Atau kita sedang sehat wal afiat.

Kita tidak mengharapkan orang terdekat kita cepat dipanggil pulang kepada Pencipta.

Kita berjuang dan berharap untuk sembuh.

Kita senantiasa berdoa agar panjang umur.

Yaaa, kita bertawakal karena hidup ini berharga dan bermakna dan layak diperjuangkan.

Teks dari Hany terus mendengung bagai lebah sedang terbang di samping kepala. “How do you live.”

Your life matters, the quality of your life, the way you thingk, you feel, you speak, you act in everyday life matter.

Ilmu apa yang akan dipelajari untuk mengisi pikiran kita?

Apakah kita memilih perasaan yang membuat kita berdaya atau malah menggerus keberdayaannya?

Perkataan yang seperti apa yang keluar dari mulut kita? Perilaku yang bagaimana yang ditampilkan dalam keseharian kita?  Dalam ilmu neurosemantics, kami membangun kesadaran dan kewarasan akan hal-hal tersebut.

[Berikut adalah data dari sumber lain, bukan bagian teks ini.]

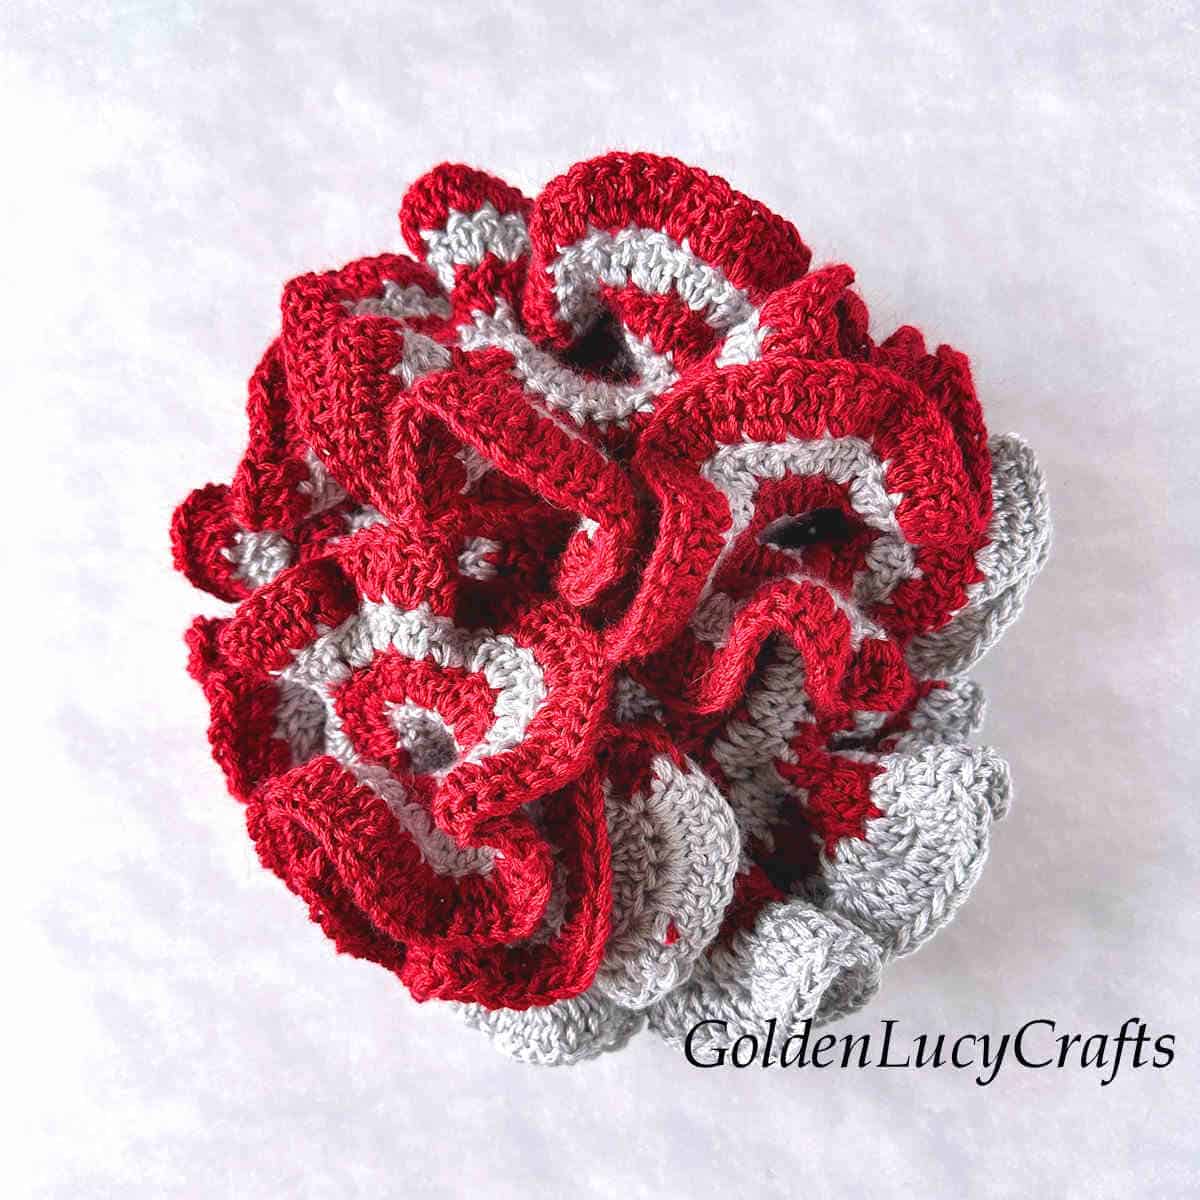 Crocheted hyperbolic coral in grey and red colors.

Keistimewaan manusia sebagai makhluk pemberi makna pada segala sesuatu yang terjadi dapat menjadi pedang bermata dua. Makna yang membangun atau makna yang menghancurkan. 

Usia adalah kesempatan.

Rentang lama atau singkatnya tidak ada dalam kendali kita.

Berjuang untuk hidup itu wajib, keputusan final dan hak prerogatif ada pada Sang Pemberi kesempatan

Apa yang ada dalam kendaliku, itulah yang mampu kuusahakan.

Bukankah setiap kita bertanggung jawab pada hidup kita masing-masing?

Jika memang SINGKAT waktunya, apakah sudah menjadi BERKAT?

Semoga dengungan kalimat Hany di atas, sekarang juga mendengung di dekatmu.

Sadar dan waras dengan HOW DO YOU LIVE.